From 87c174017655854e37220cc4453c11bd01fb2647 Mon Sep 17 00:00:00 2001
From: SachinG007 <t-sagoy@microsoft.com>
Date: Sun, 3 May 2020 14:18:56 +0000
Subject: [PATCH 4/6] cuda gpu  number fix

---
 examples/pytorch/FastCells/fastcell_example.py | 2 +-
 1 file changed, 1 insertion(+), 1 deletion(-)

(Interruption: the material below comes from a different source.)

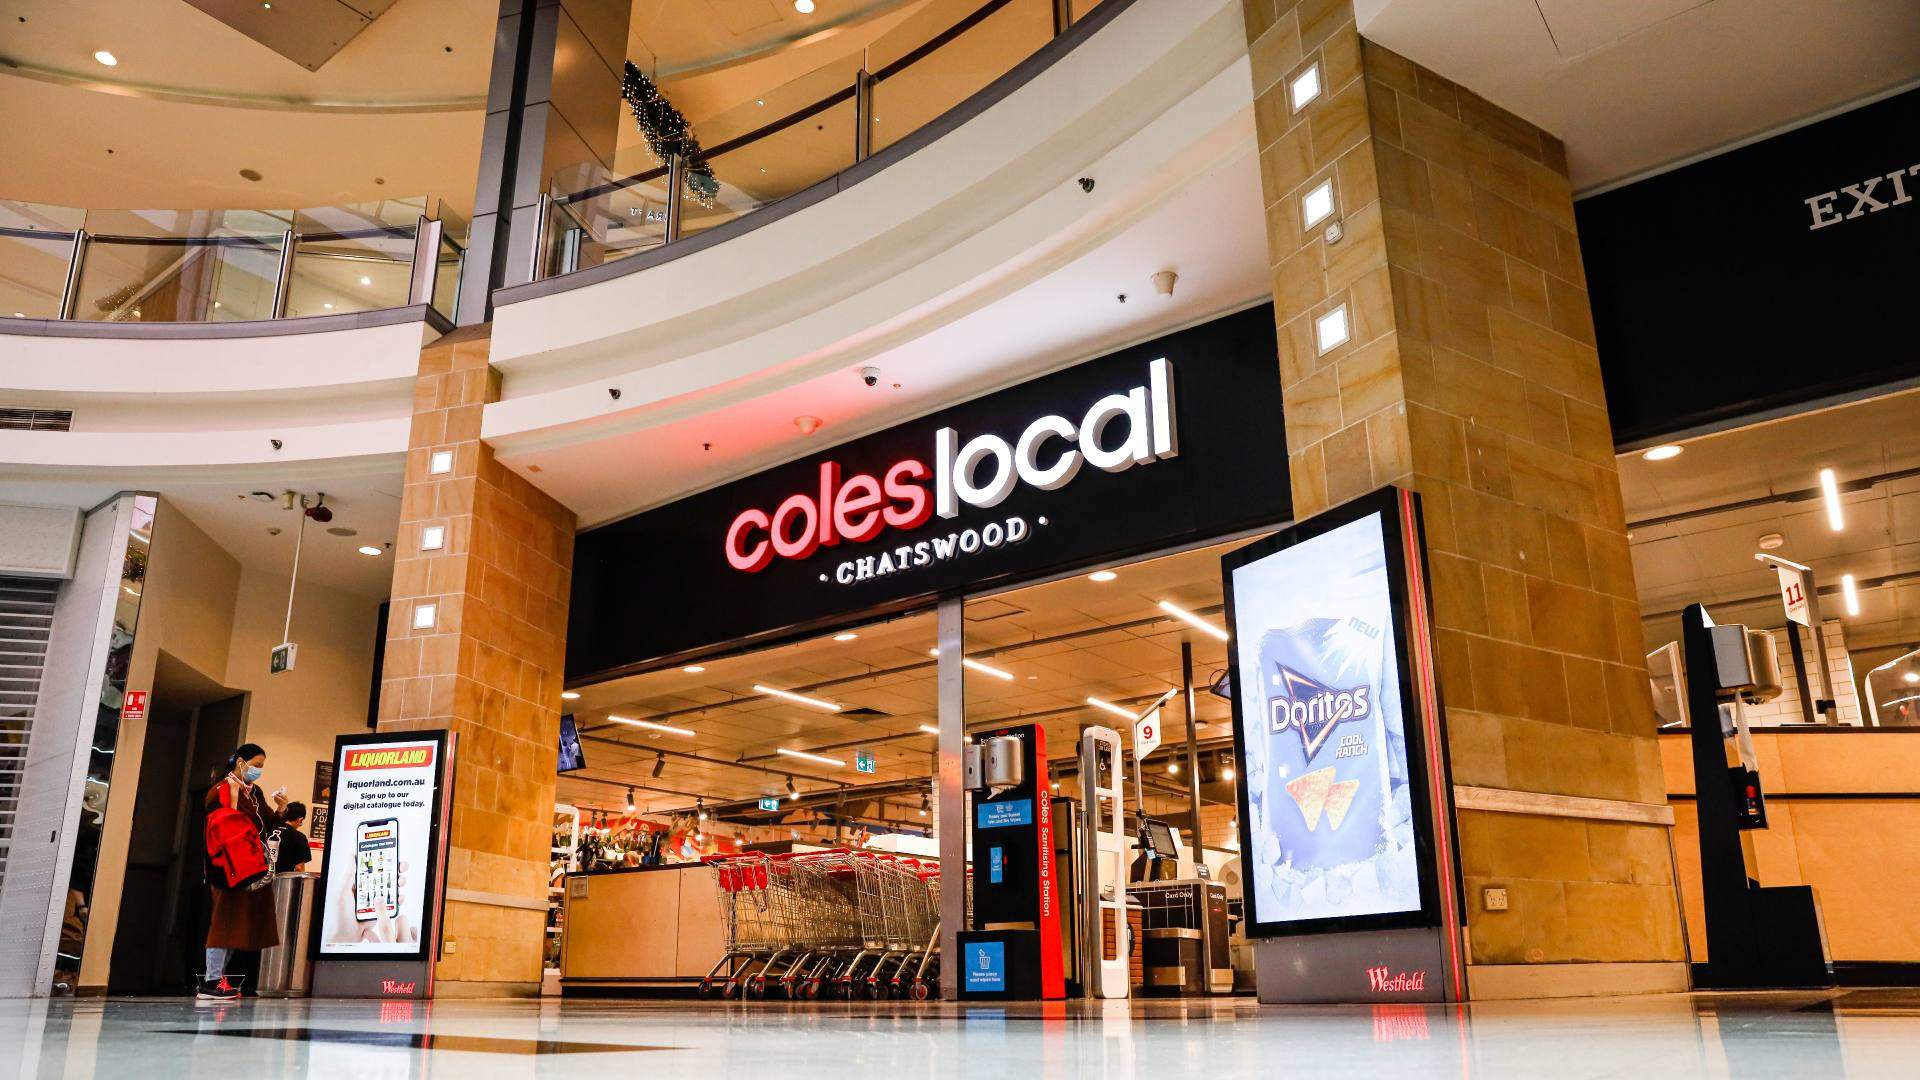 Coles' New Chatswood Store Has a Shampoo Refill Station and Dog Food Pick-and-Mix Bar

diff --git a/examples/pytorch/FastCells/fastcell_example.py b/examples/pytorch/FastCells/fastcell_example.py
index 69a759c7e..6267fc0ae 100644
--- a/examples/pytorch/FastCells/fastcell_example.py
+++ b/examples/pytorch/FastCells/fastcell_example.py
@@ -11,7 +11,7 @@
 
 def main():
     # change cuda:0 to cuda:gpuid for specific allocation
-    device = torch.device("cuda:3" if torch.cuda.is_available() else "cpu")
+    device = torch.device("cuda:0" if torch.cuda.is_available() else "cpu")
     # Fixing seeds for reproducibility
     torch.manual_seed(42)
     np.random.seed(42)

From fe862302e1b48ea68e5b7265234489c06232767a Mon Sep 17 00:00:00 2001
From: SachinG007 <t-sagoy@microsoft.com>
Date: Wed, 6 May 2020 20:44:02 +0000
Subject: [PATCH 5/6] PR173 merged, optimizer changes

---
 .../pytorch/FastCells/fastcell_example.py     |  9 +++---
 pytorch/edgeml_pytorch/trainer/fastTrainer.py | 31 ++++++++++---------
 2 files changed, 22 insertions(+), 18 deletions(-)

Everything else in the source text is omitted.